Wouldn't I want to expose as much as possible to Google?
You could. I can't really give you any real world experience on launching a site with 29.5 million pages. I do know from experience that launching a new site with even 1,000 pages is a challenge to get fully indexed and ranking these days. Its not an overnight task.
29.5 million pages of unique content? That's somewhat rare these days. There is nothing really unique out there when it comes to that number of pages, especially yellow page stuff which is a dime a dozen. You've got your work cut out for you competing on that level.
Ever consider focusing on a regional market first (local) and then branching out from there?

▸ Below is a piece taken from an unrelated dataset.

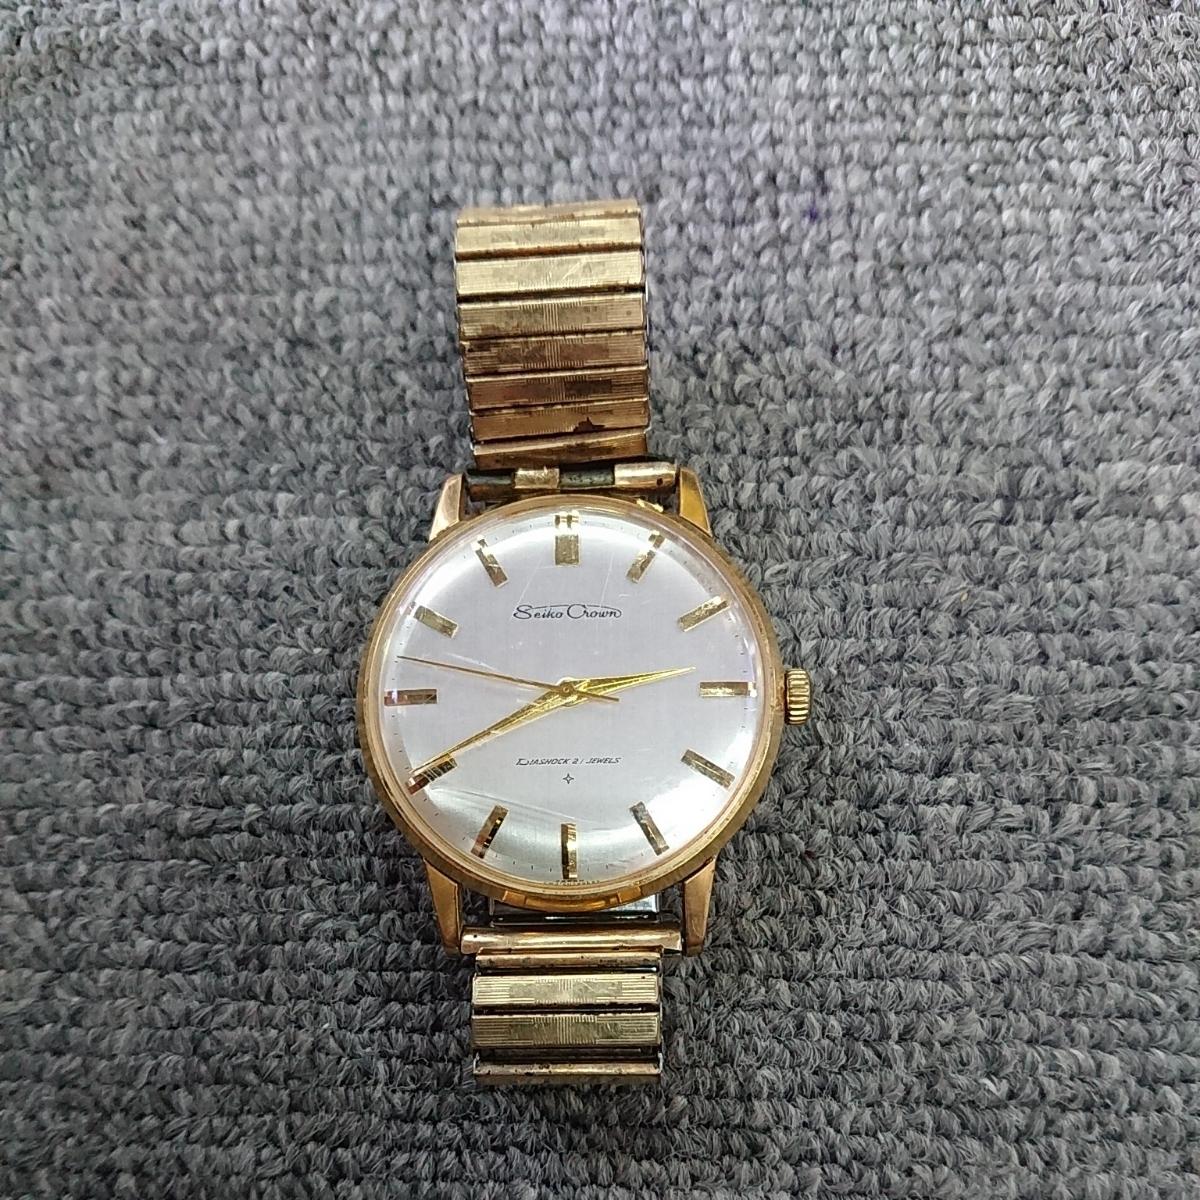 a836c586ac78 SEIKO セイコー クラウン アンティーク 21石 J15003E 手巻き メンズ腕時計の1番目の画像

Personally, if I had that many pages to work with, I'd be putting them into logical groups and performing A/B/C/D testing. I'd determine what my top level pages were based on taxonomy and click path. I'd then block everything but those click paths that are of the utmost value to the user. You're probably going to say they all are. I would too. But, you are facing a technological challenge that requires extreme finesse with handling how the bots are indexing your content for maximum exposure.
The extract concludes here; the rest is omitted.